15 Very early in the morning, the chief priests, with the elders, the teachers of the law and the whole Sanhedrin, made their plans. So they bound Jesus, led him away and handed him over to Pilate. 2 “Are you the king of the Jews?” asked Pilate. “You have said so,” Jesus replied. 3 The chief priests accused him of many things. 4 So again Pilate asked him, “Aren’t you going to answer? See how many things they are accusing you of.” 5 But Jesus still made no reply, and Pilate was amazed. 6 Now it was the custom at the festival to release a prisoner whom the people requested. 7 A man called Barabbas was in prison with the insurrectionists who had committed murder in the uprising. 8 The crowd came up and asked Pilate to do for them what he usually did. 9 “Do you want me to release to you the king of the Jews?” asked Pilate, 10 knowing it was out of self-interest that the chief priests had handed Jesus over to him. 11 But the chief priests stirred up the crowd to have Pilate release Barabbas instead. 12 “What shall I do, then, with the one you call the king of the Jews?” Pilate asked them. 13 “Crucify him!” they shouted. 14 “Why? What crime has he committed?” asked Pilate. But they shouted all the louder, “Crucify him!” 15 Wanting to satisfy the crowd, Pilate released Barabbas to them. He had Jesus flogged, and handed him over to be crucified.

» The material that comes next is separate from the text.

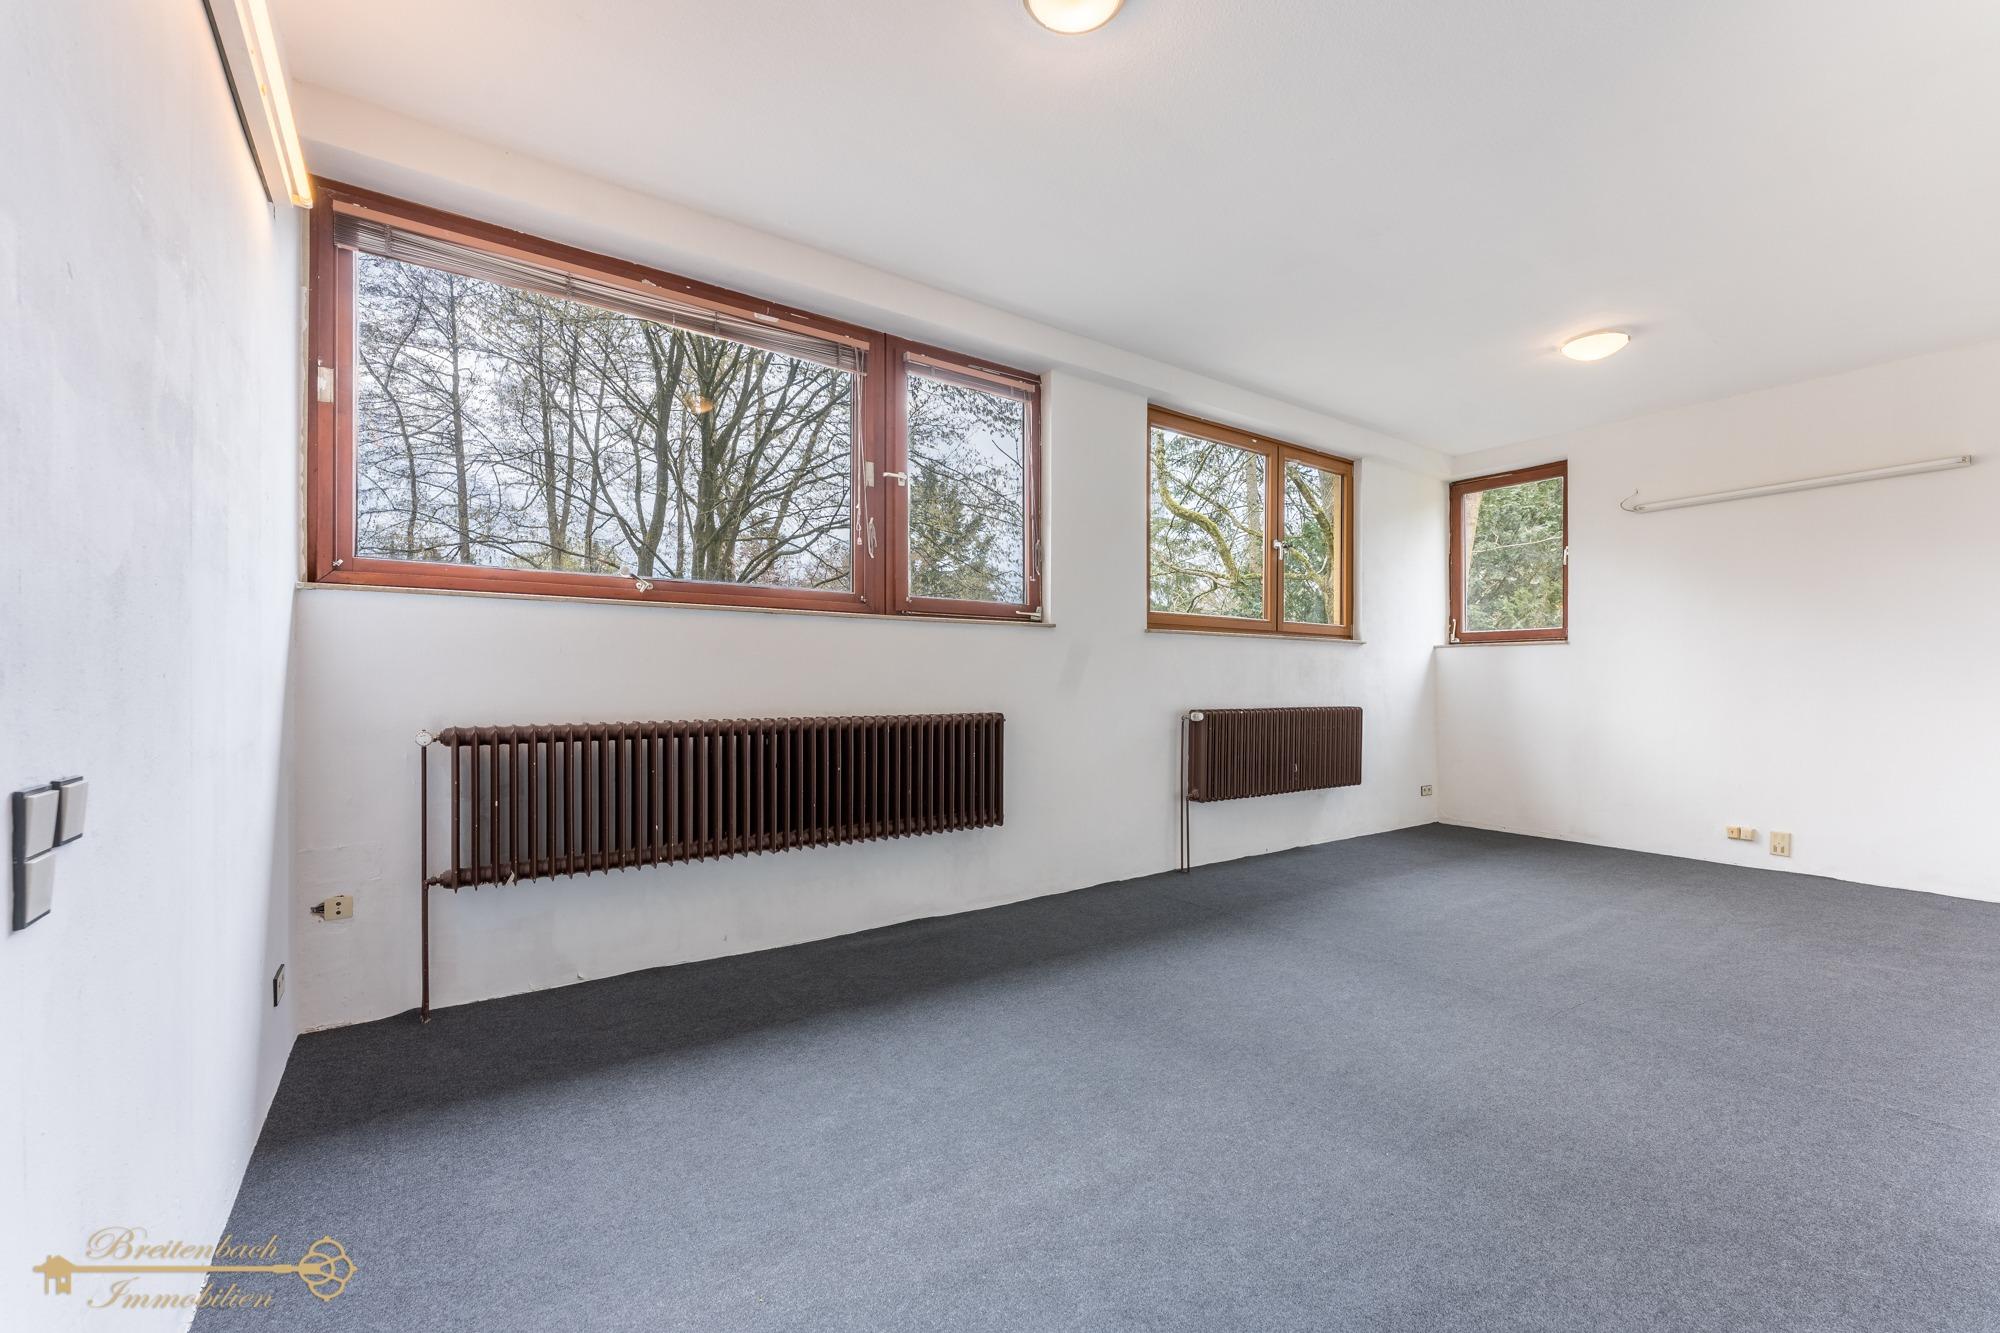 2021-04-08-Breitenbach-Immobilien-Makler-Bremen-16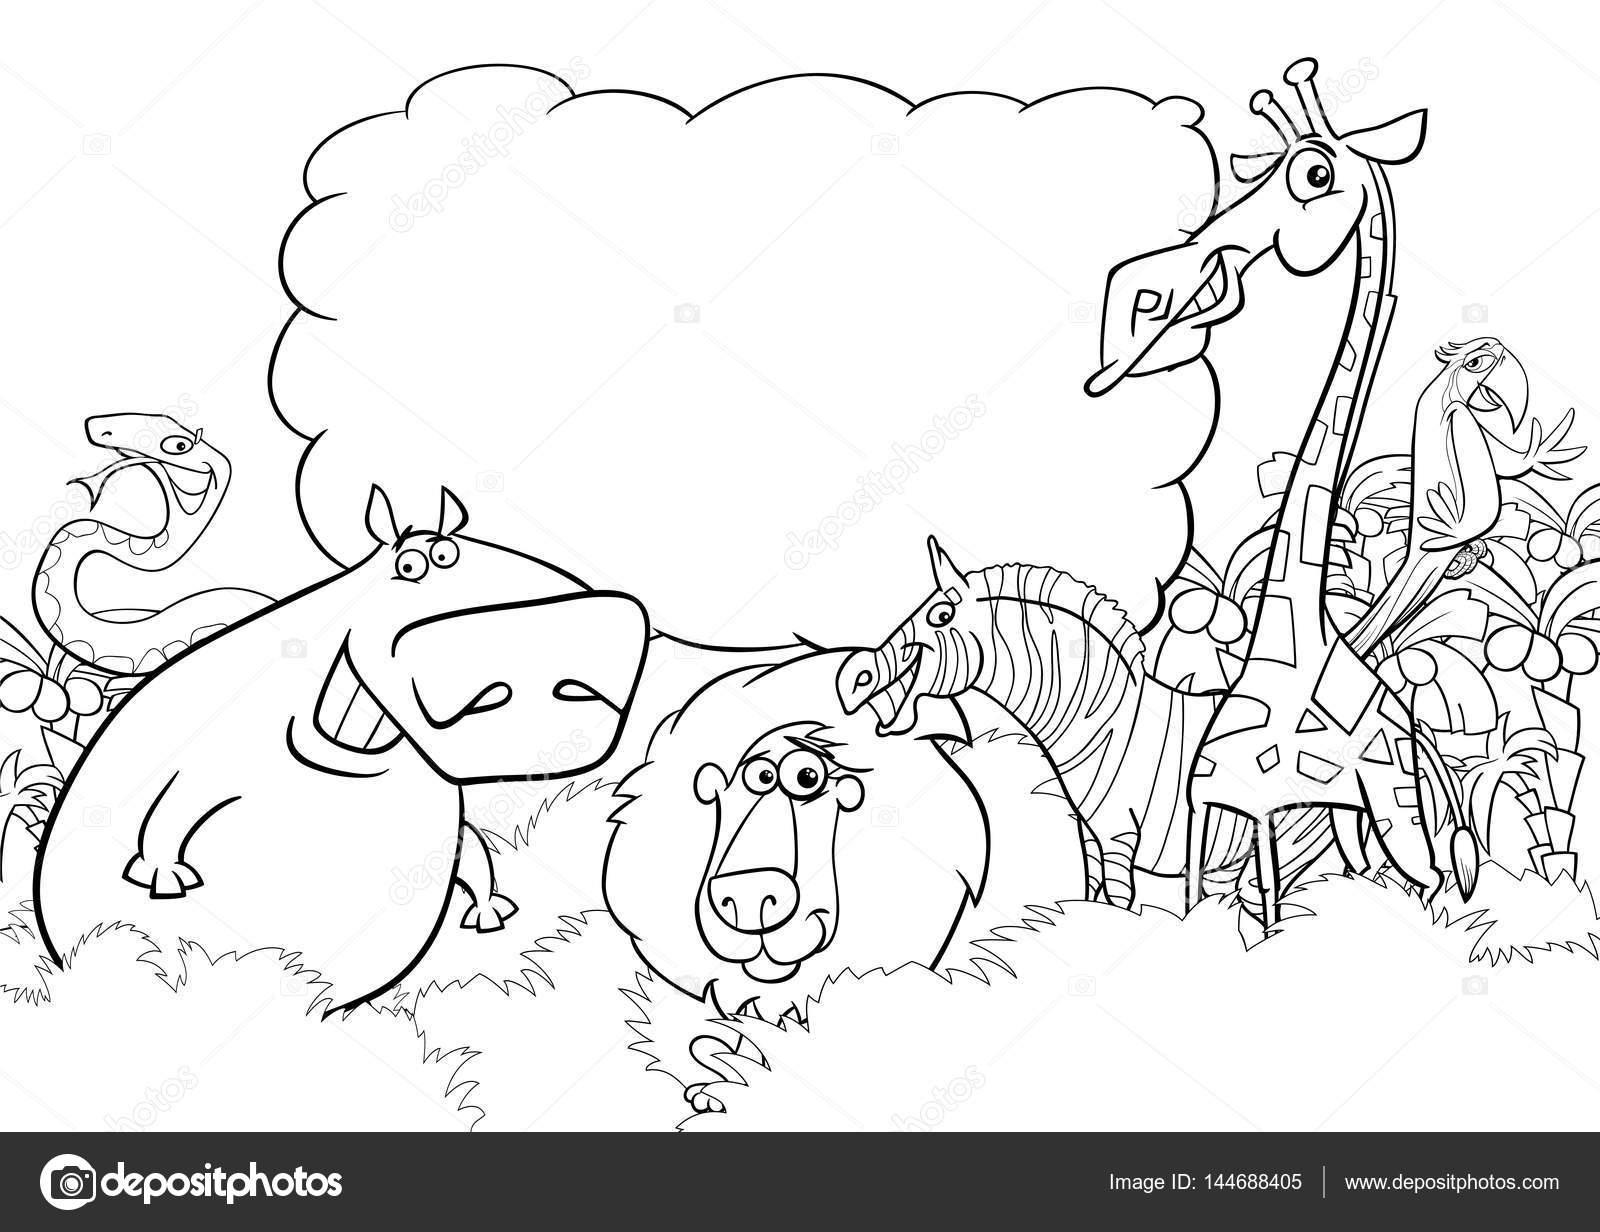 Página para colorear de animales salvajes — Archivo Imágenes ...

There are two things that strike me in this passage.
Jesus is almost completely silent, and Pilate recognises Jesus’ innocence. Most innocent people cry out their innocence – yet not Jesus. Most people who recognise the innocence of another work to prove that innocence – yet not Pilate. This is altogether different. I have no real idea what I would have done if I were Pilate. The expedience of killing one man to keep the peace in a strife torn corner of the empire – that has its advantages. What takes a hold of you that while knowing the innocence of the one accused you condemn him to death – how tortured Pilate must have been. It is too easy to paint Pilate into the naughty corner as if I would not have done the same – and I hope I wouldn’t have – but where is my heart at. Am I hard hearted wanting to keep the peace, am I prepared to open my motives to the light of Christ and have Him search me.
I need to let God search me and find any offensive way within me so that I can be the bringing of life that Jesus calls me to be you to be.
Father, in the light of Pilate’s deception help me to have an open heart before You and fulfil Your plan in all things.